Automatic Speech Feature Extraction for Cognitive Load Classification
Abstract
Examining simultaneous performance of motor and cognitive tasks, or dual-tasking, has received increasing interest as a means to probe attentional impairments related to neurological disease (e.g., dementia, parkinsonism). Current dual-task methodologies are limited in measuring the level of attentional load associated with the cognitive task, which restricts the sensitivity of these paradigms. The purpose of the current study is to develop and validate a tool to measure cognitive load from features of speech (i.e., speech rate, pause rate, pause percentage). Specifically, two goals are addressed: 1) develop a method of automatically extracting speech rate, and 2) demonstrate that a combination of automated speech features accurately classifies cognitive load.

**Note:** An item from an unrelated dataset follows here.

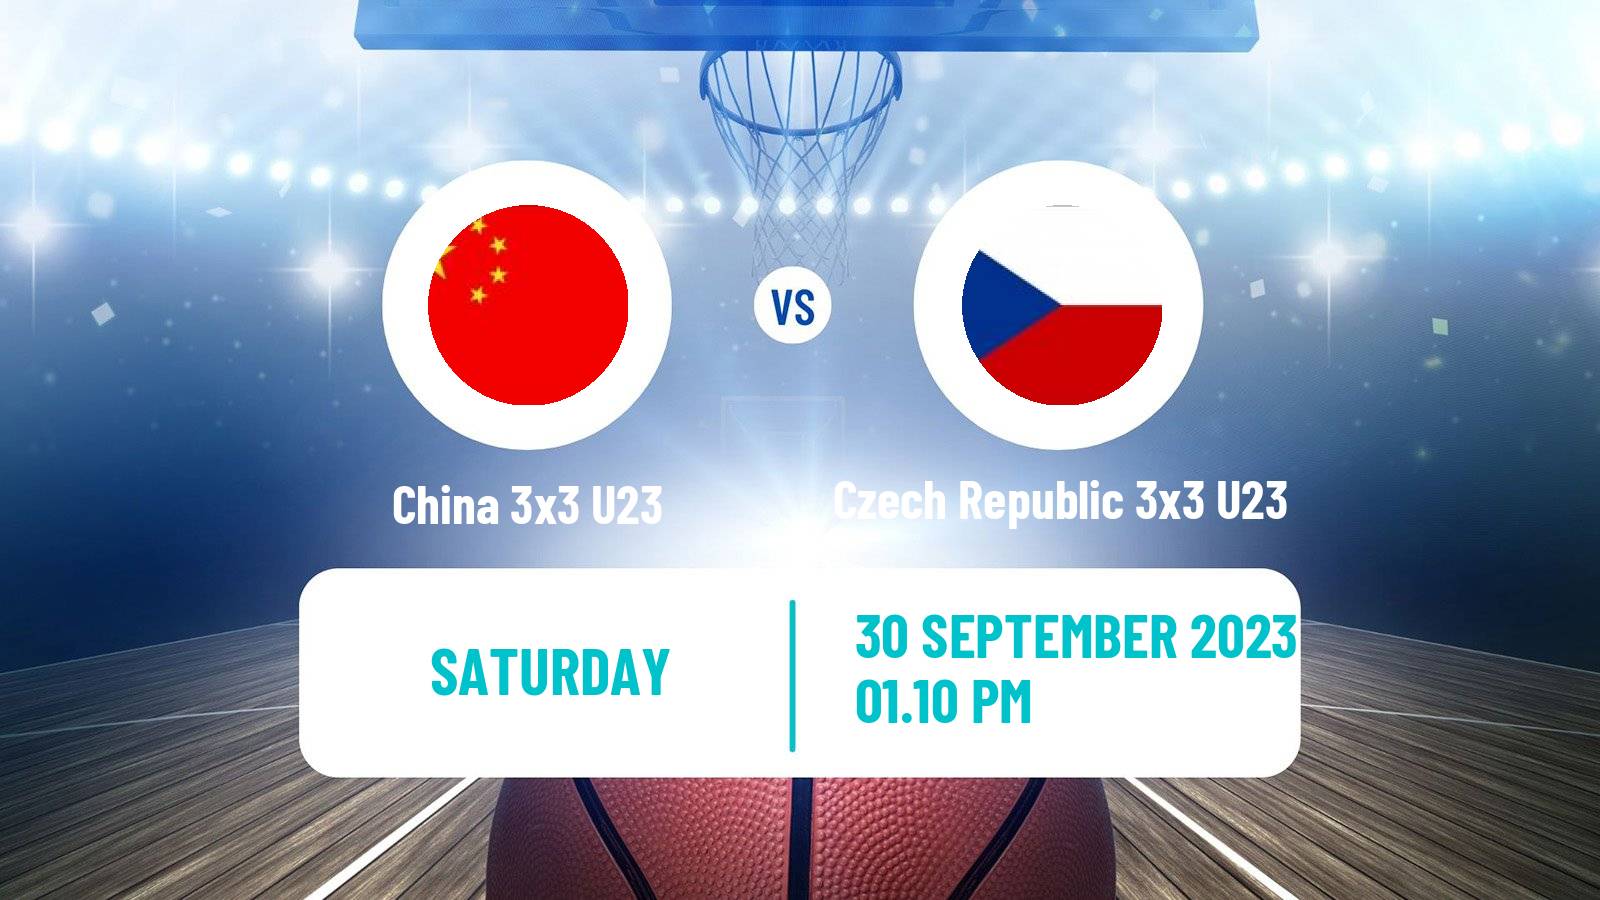 Basketball World Cup Basketball 3x3 U23 China 3x3 U23 - Czech Republic 3x3 U23

Speech samples were collected from 10 undergraduate students counting by 1's, 3's and 7's to experimentally synthesize easy, intermediate, and difficult cognitive tasks, respectively. Speech to text recognition was processed using an open-source speech recognition engine with a restricted grammar set (i.e., numbers 1 to 100). Speech rate (syllables/min), pause rate (number of pauses/min), and pause percentage (duration of pauses/sample duration) was calculated from the speech recognition output. Compared to a manually transcribed count to calculate speech rate, the automated algorithm resulted in a mean absolute error rate of 13%. When used to classify cognitive load (i.e., easy, intermediate, difficult), the automatically extracted features delivered an 82.2% classification accuracy compared to 85.5% using the manual count. We conclude that an automated process of extracting speech rate, pause rate, and pause percentage can be used to efficiently indicate levels of cognitive load.